¡Ya viene la vacuna! | La Prensa Panamá


¿Cuándo en la vida pensé tener sentimientos encontrados por una frase relativamente inocua? La realidad es que esa bendita vacuna representa todo lo que se ha revelado de la condición humana desde el inicio de la pandemia covid-19. Un año y seguimos contando. A cada paso nos hemos topado con cosas buenas, malas, coherentes y contradictorias.

Debo admitir, al principio el covid-19 despertó poco más que un pensamiento pasajero. Ya había escuchado de otros virus, salidos de China ni más ni menos, que generaron alarma. Esos virus previos fueron clasificados como peligrosos. Por alguna razón, a pesar de ser tan dispersables en el aire y altamente contagiosos, no llegaron a esparcirse en el mundo como el corona que enfrentamos. Este dato es parte de una de las condiciones más nefastas que tomó cuerpo durante la pandemia, las conspiraciones. El hecho es que el virus está entre nosotros y es mortal. En otros casos es inofensivo al 100%. En efecto esto se presta para especular sobre las posibles razones que hemos enfrentado una realidad verdaderamente distopiana. Se suma a la discordia que unos creen en ponerse vacunas y otros son adversos a las mismas.

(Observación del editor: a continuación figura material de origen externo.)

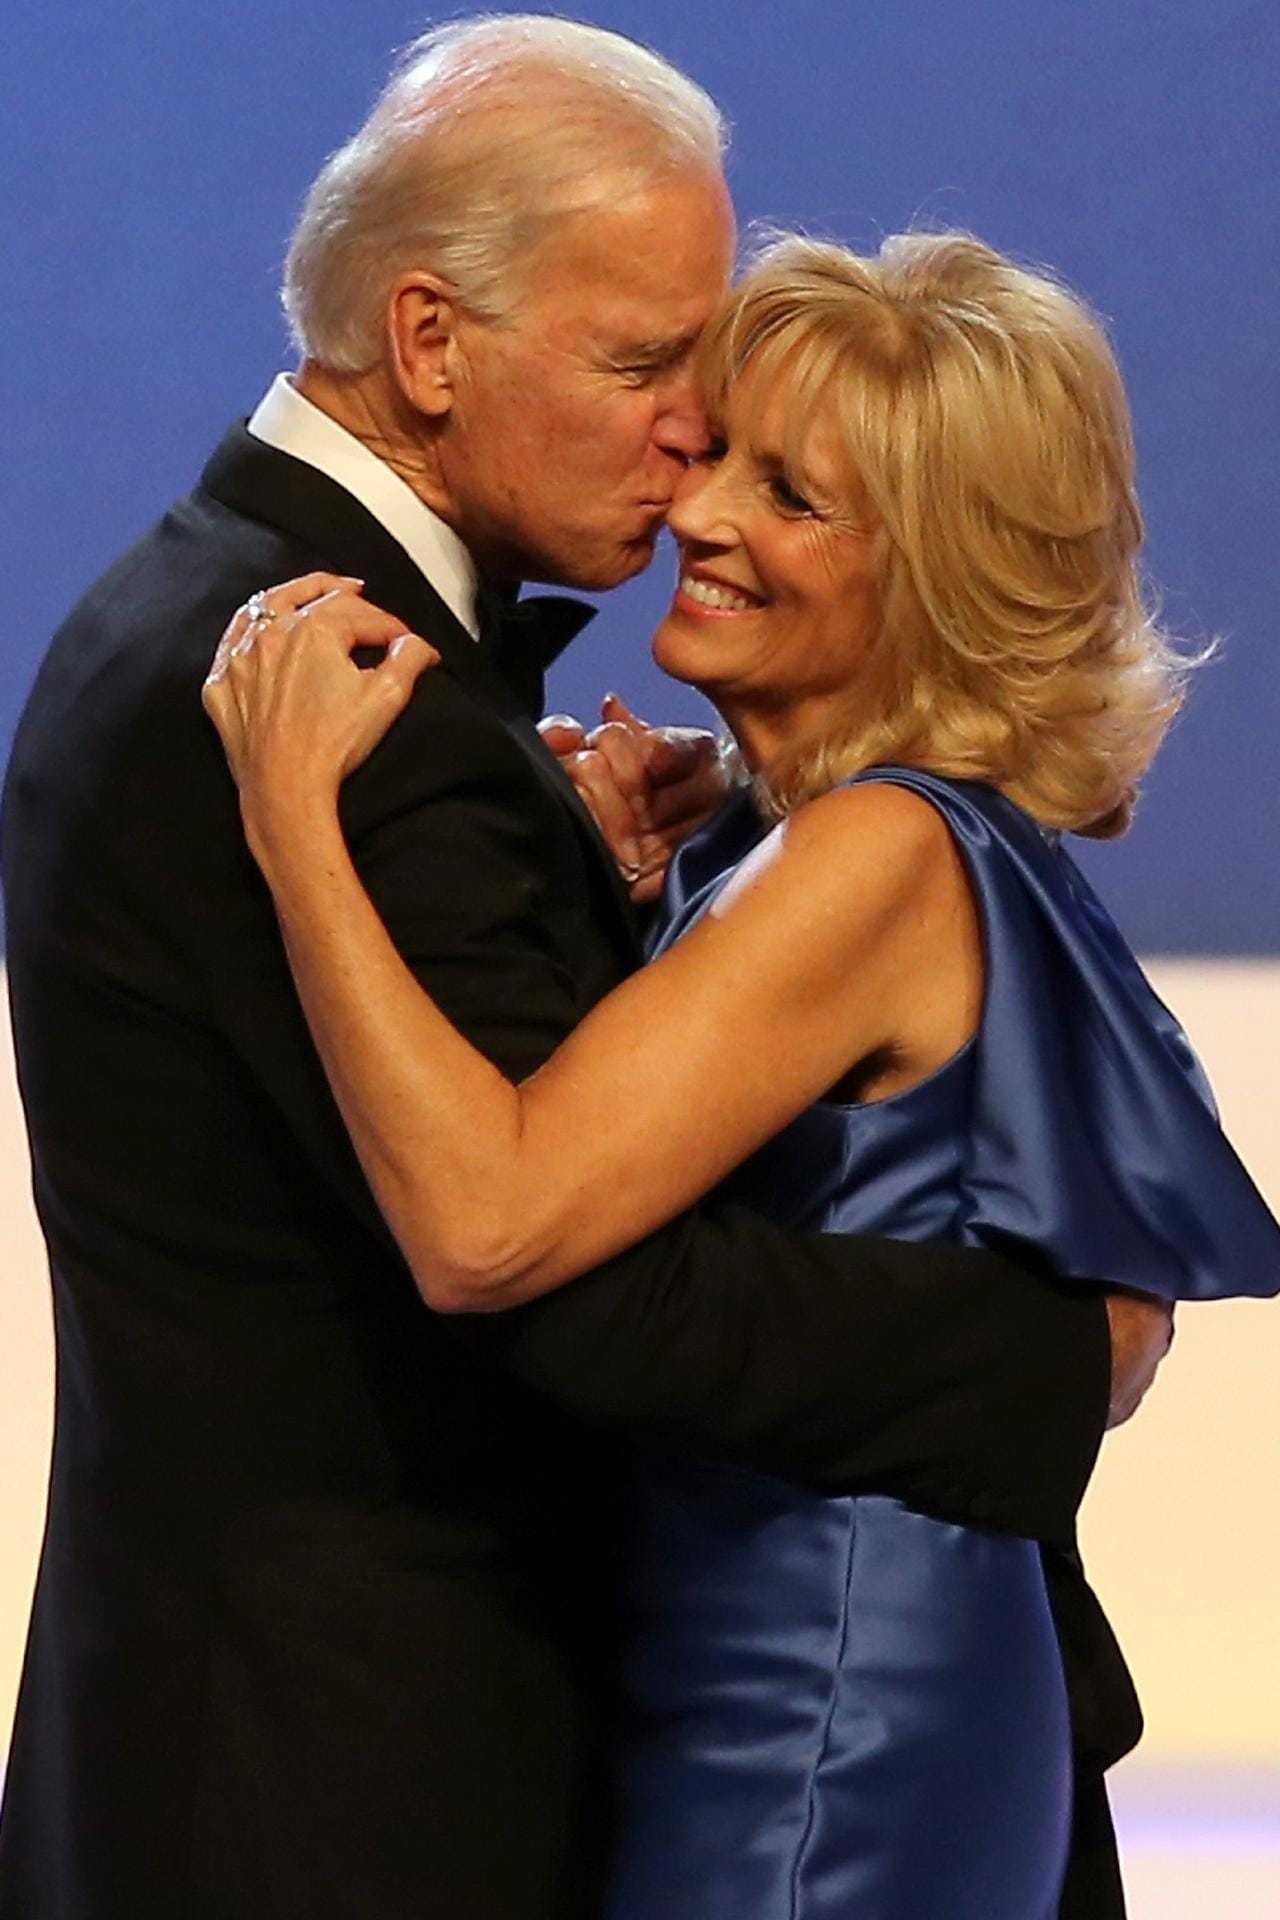 Fünf Mal hielt Joe Biden vergeblich um ihre Hand an. Erst beim sechsten Mal sagte Jill Ja.

Lo más probable es que todos terminen poniéndosela. Veremos a un sin número de vecinos, amigos y familia ponérsela y seguir con sus vidas como si todo el evento fuera como una opción entre comer un huevito de leche o saborear una cocada. Pelear contra la corriente será más difícil frente a ese escenario.

Pero esta vacuna también me hace pensar en los líderes del país, otro punto bajo. ¿Quién vive con la ilusión de que los políticos de los países son todos sacados del mismo molde de Pepe Mujica o Nelson Mandela? En todo gobierno se maneja un grado de corrupción. (Algo inaceptable.) Aún así, es criminal aprovecharse de los fondos asignados para enfrentar una crisis de salud. ¿Cómo pueden desasociarse de las consecuencias de sus acciones versus las muertes que se pueden prevenir si su enfoque fuera ayudar y hacer las cosas bien? En las redes dicen que Vietnam logró niveles bajos de contagio y salvó la vida de todos los expuestos.

Otra de las cosas que nos dejó un sinsabor fue el año escolar digital. Enfrentar la educación de tres hijos en casa versus uno es algo muy diferente. Algunos migraron a sus condos playeros y continuaron con la educación de sus hijos mientras otros tenían que ver cómo resolvían el tema de tecnología. El caso de los graduandos fue único. Compartir ese sentido de alcanzar la cima juntos y saborear ese último año es una experiencia de una sola vez en la vida. Perderse todo esa experiencia sin poder recibir su diploma rodeado de seres queridos merece una mención especial.

De todo lo acontecido este año, que espero todos recuerden al inyectarse la va cuna, fue la pausa de la actividad humana que se dio al principio de la pandemia. Es lo mejor que pudo salir de esta crisis. Poder ver los cielos despejarse fue cien por ciento inspirador. Ver a los animales correr libremente por las ciudades abandonadas también fue espectacular. Digno de ser representado al mejor estilo de Hollywood. La paz y tranquilidad que se respiró en la tierra en ese periodo logró que muchos reflexionaran. Dejar el fresnesí del consumismo fue como una meditación profunda que iluminó a muchos para velar más por nuestra casa, la madre tierra.

Si, ya viene la vacuna. Pero que el pullar de esa jeringa, que aún tiene mucho camino por recorrer para llegar a nuestro pequeño país, sirva para traer al presente esa promesa que muchos hicieron de hacer más por cuidar el medio ambiente. Hagamos lo posible por regresar a alguna normalidad, pero que sea con una mejor visión y consciencia de como vivir en armonía.